I would suggest looking up 180 on this site. Maybe not do it completely hard core, but once my W figured out I was fine on my own when I did some 180 stuff for a week or 2 and she realized her bad behavior was not going to limit me and I was going to be a better man with or WITHOUT her, she came back to me harder than I ever did before. She realized and started taking personal responsibility for her action. She stated to work on being a better partner.

I do have to agree with it-guy, since mine was the same a bit of the same. The story started out as X and then the more I asked the more that came out. Push for the truth, ask the same question 3 different ways, ask clarifying questions, never raise your voice or attack, they will just shut down. Most importantly listen. Most important listen. I say that twice because that is one of the mistakes i made. I didn't listen enough as she told these stories to me. If you get new news about the story, wait a couple hours and clear your head before responding to it. I like to use a technique called linear interviewing. You have them state the story step by step from the beginning. If the story starts going off track, stop them, and go back to a point where the story is solid. Keep milling it over and over till you get all the way thru. Do this 3-4 times in different ways and then in your mind compare the stories. Lairs will make mistakes in their lies and that is when the truth is discovered.

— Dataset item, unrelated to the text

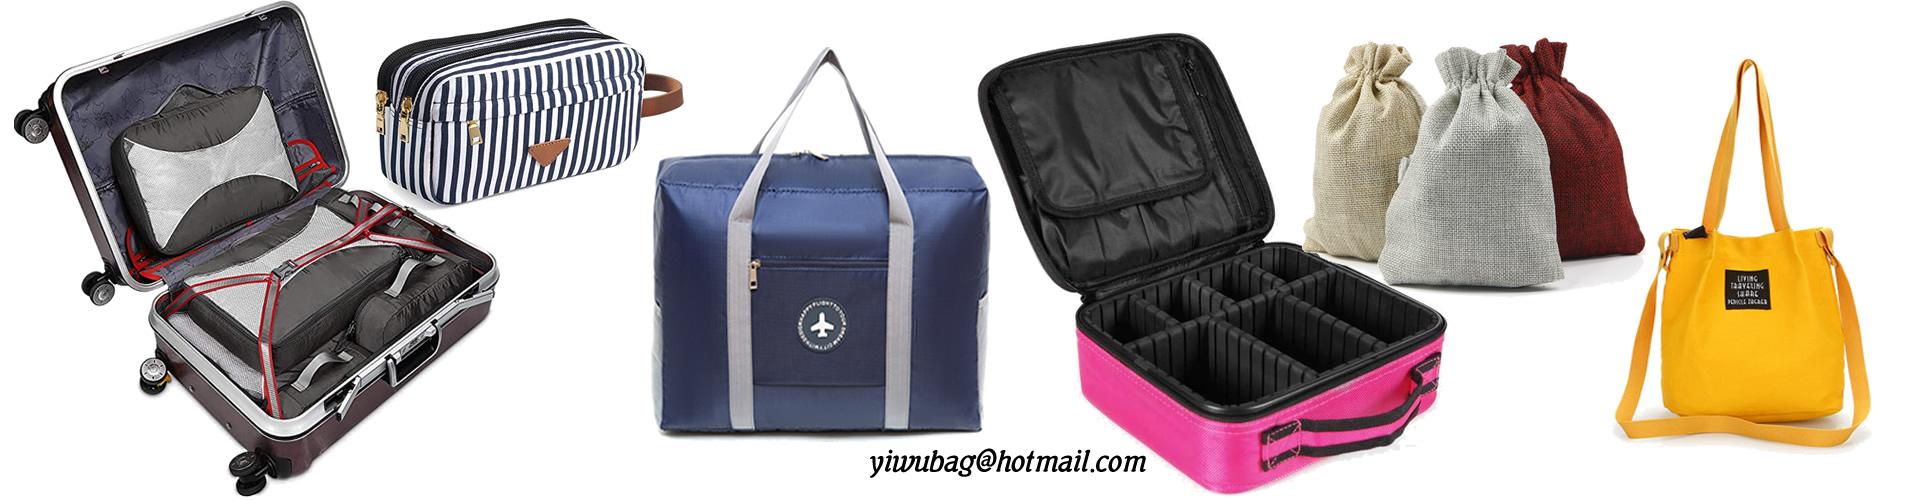 travel bag,duffle bag,sports bag,storage bag,duffle bag,tote bag,trolley bag,packing cubes,storage boxes
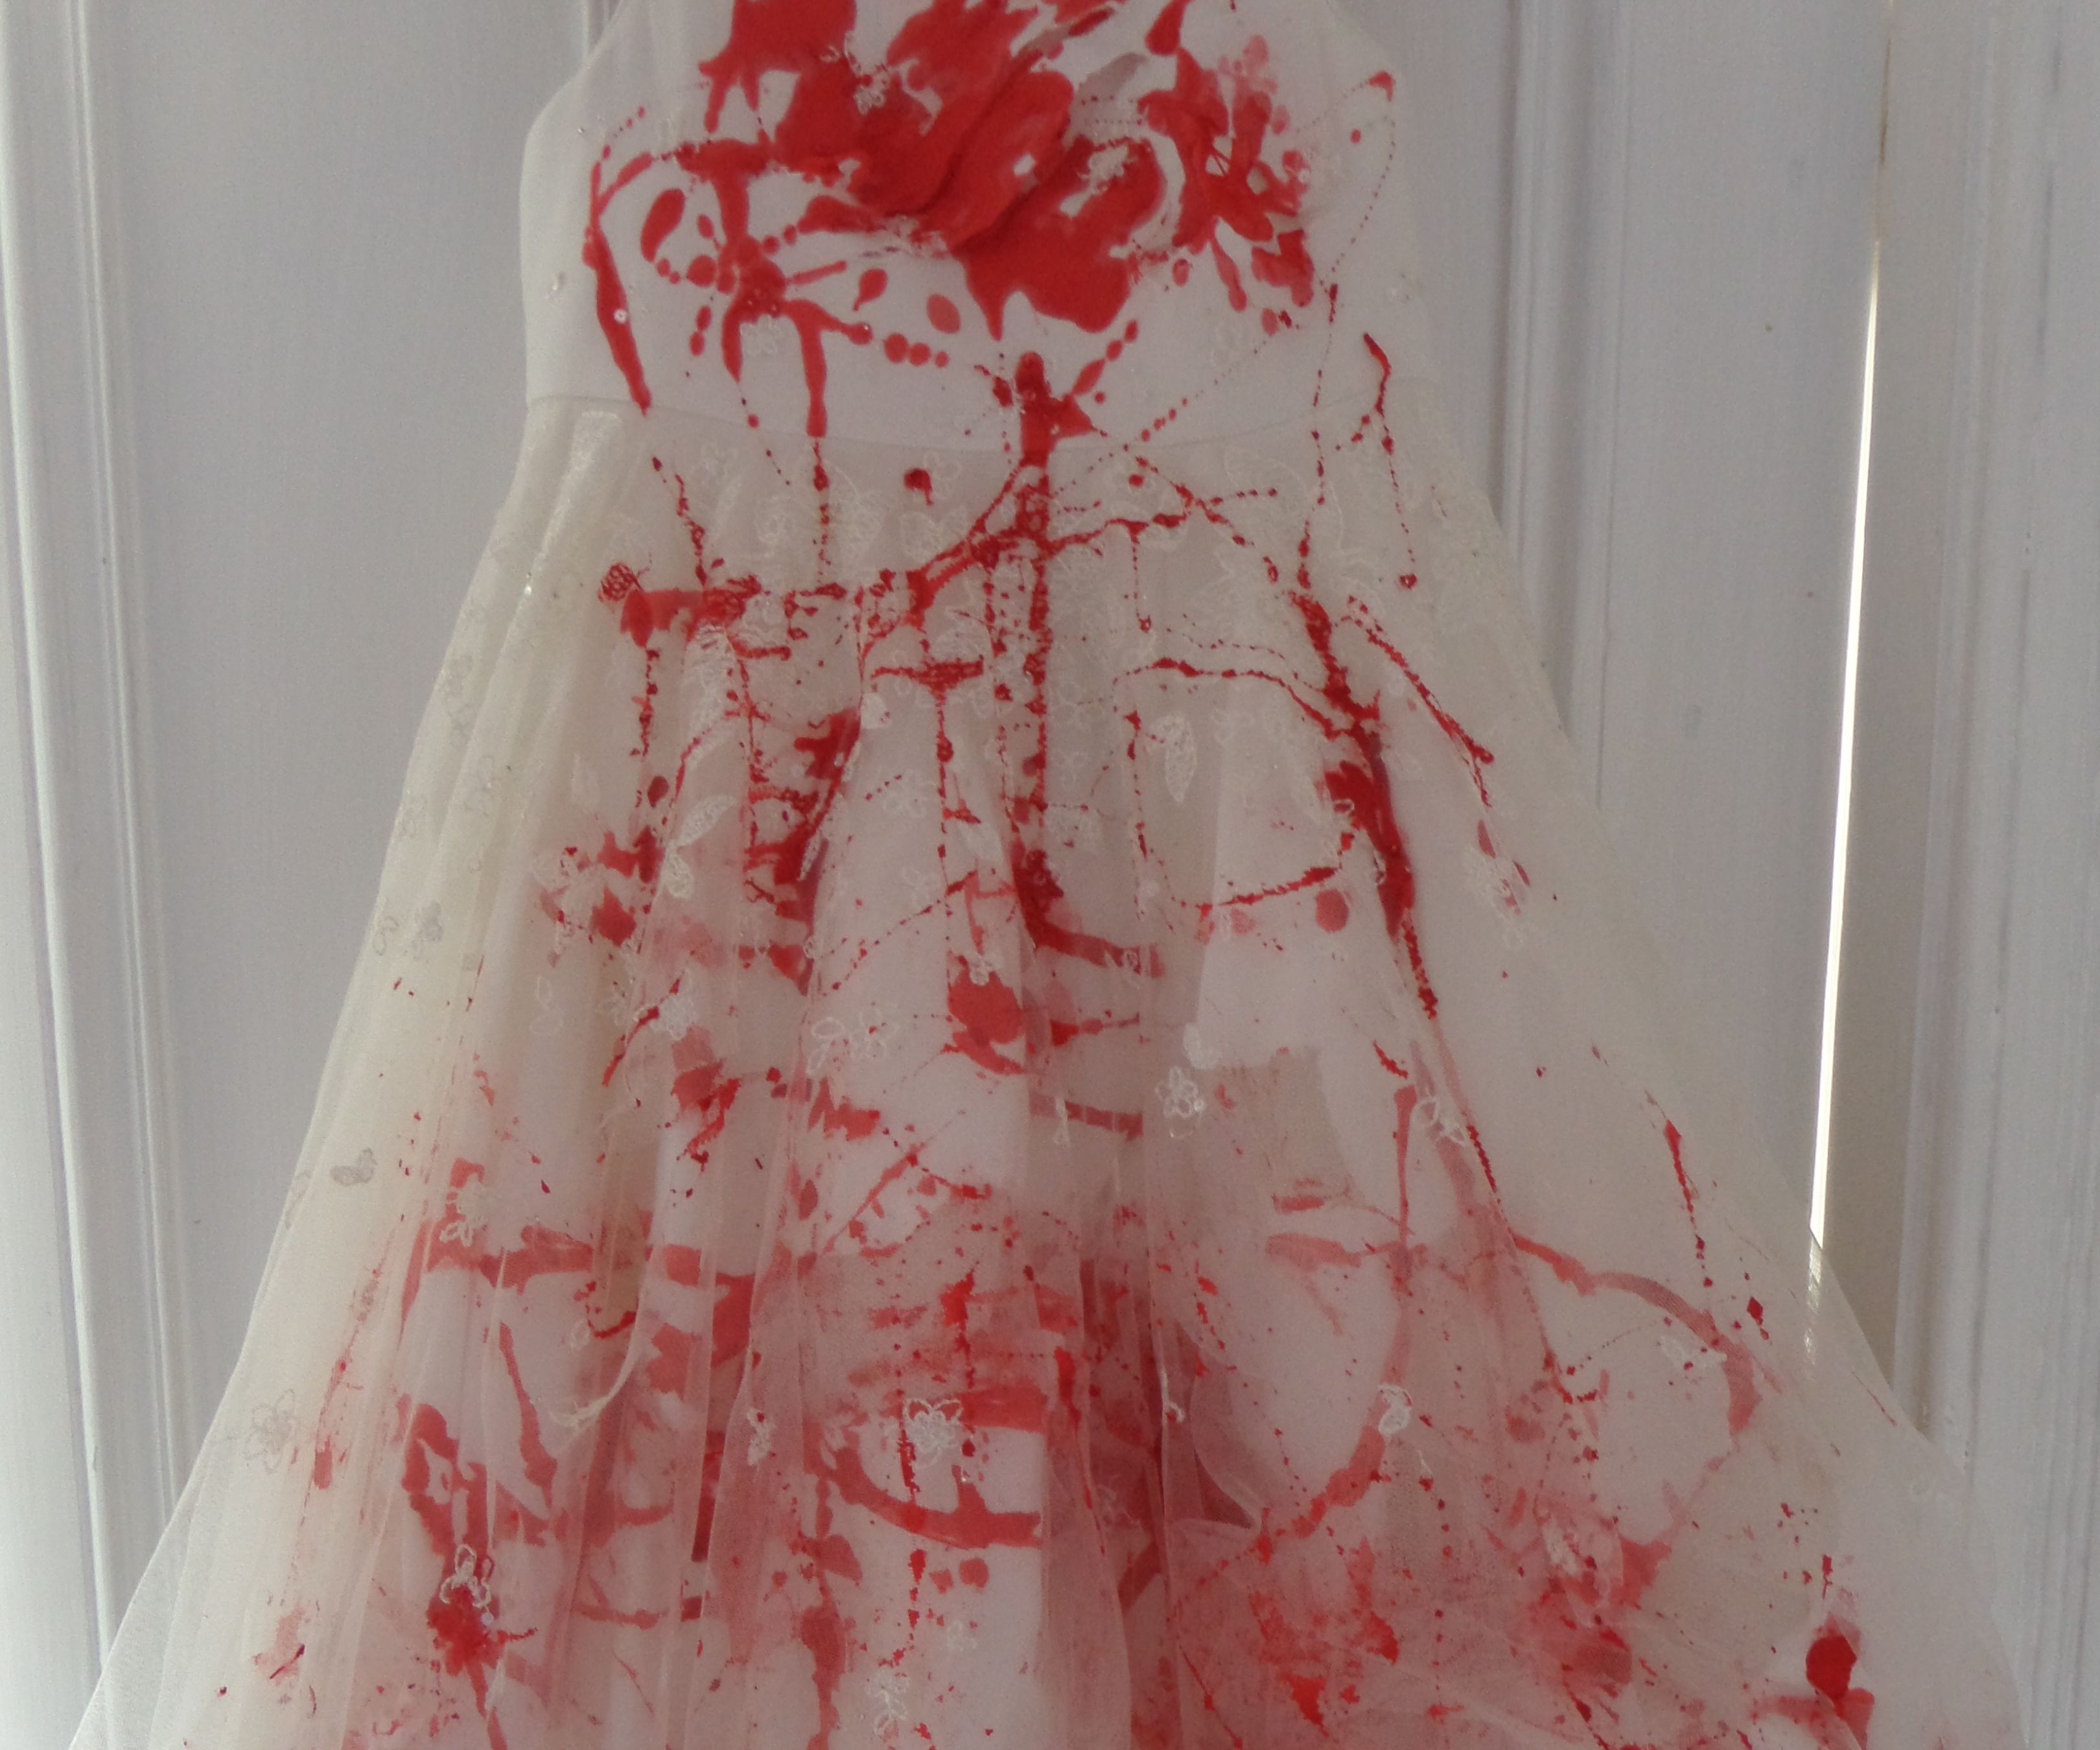 Bloody Dress-decor/costume

She probably like the entertainment value of what was happening and the attention that was givin.

I would hold the hard line to her and not let this slide. I am learning women want to be wanted, cared for and understood. 

Sometimes us guys need a crack to the head like this to get back to the way it should be. Only you can forgive and move on. You know if it is the right thing to do. You need to remember, this is your fault also. 9-10 stories I read out there on sites like this, the other person says, "I was distant, detracted, etc, etc, etc"...If i only spend a little more time with her vs BLANK maybe this could have been avoided."

Take ownership for your part in this, but remember you part is not her free pass to blame any of the A on you. Your part is to be a better partner, nothing more


----------



## F-102 (Sep 15, 2010)

I don't know, FB- half of me says that you and the W are off to a good "restart", and that this is a golden opportunity to make your M better...

...but he other half is telling me that there is much, much more to this than she is telling you.


----------



## Bigwayneo (Jan 22, 2011)

F-102 said:


> I don't know, FB- half of me says that you and the W are off to a good "restart", and that this is a golden opportunity to make your M better...
> 
> ...but he other half is telling me that there is much, much more to this than she is telling you.


:iagree:

Only reason is....there always is. 5 months from D-day and I still get little details. It took 2 months or so before I got all the big dates/details out.

Edit to add-I also got proof of it as well to back up claims.


----------



## workindad (May 7, 2011)

I hope you have all of the information. You may never find out for certain, but I would not be surprised if you learned more in the coming days. 

No offense meant, but I'd seriously consider a keylogging program if she uses a PC. I'm installing one this weekend. Good luck.


----------



## jnj express (Mar 28, 2011)

If you wanna make sure you have the full story---demand she take a poly---that usually gets you info---without her actually having to take the test

You may only have the tip, of an iceberg---who knows---only you live with your wife, and only you know whether she is lying or not

They got pretty deep into this, if they were exchanging nude photos---and your wife saying she ended it, prior to you "outing" her, may just be damage control

As to other guy---I can give you a couple of reasons to NEVER GO NEAR HIM---your kids, going to jail, the school board, who would pull your credential, and say you are unfit to teach

Other thing---you need to figure out what is more important in your life---your meaningless, boozehound buddies, or your family

Coaching football takes a lot of time in of itself--and when you are done with practice, watching film, going over the play book, and teaching for the day---it is time to go directly home----NOT GO OUT DRINKING----you need to get your priorities straight----BUT

No matter what your wife's EA, was not your fault----her cheating was/is 100% her fault---its to bad it took this kind of situation to wake the 2 of you up


----------



## Laurae1967 (May 10, 2011)

You are not wrong for wanting to work things out with your wife. But you are not to blame for her going outside the marriage to do sex chats with other men, so do NOT own that.

However, it is great that you are acknowledging your part in the marriage being distant and I'm glad you are making your wife a priority. She has to do the same. She also must allow you complete access to her phone and email passwords and be willing to be accountable to you while you rebuild your trust in her. This is a betrayal and will take a while to process and heal from.

Additionally, I think your wife should be in counseling. The sexting can be quite addictive and people get off on the excitement. Unless she learns better coping skills, she is at risk of repeating the behavior.

You may not have been the best husband, but she also has a responsibility to address her concerns with YOU directly. Sexting some other guy is not a way to solve problems.

Your feelings of anger are appropriate. The OM is not the issue, so forget him. He could be anyone and he's entirely replaceable and irrelevant. Focus on your wife and your marriage.

I would also add that many folks on here are saying this is just the tip of the iceburg. Sometimes it is, but sometimes it isn't. Only you can be the judge.


----------



## magnoliagal (Mar 30, 2011)

F-102 said:


> ...but he other half is telling me that there is much, much more to this than she is telling you.


This was my first thought and it's way more than half.


----------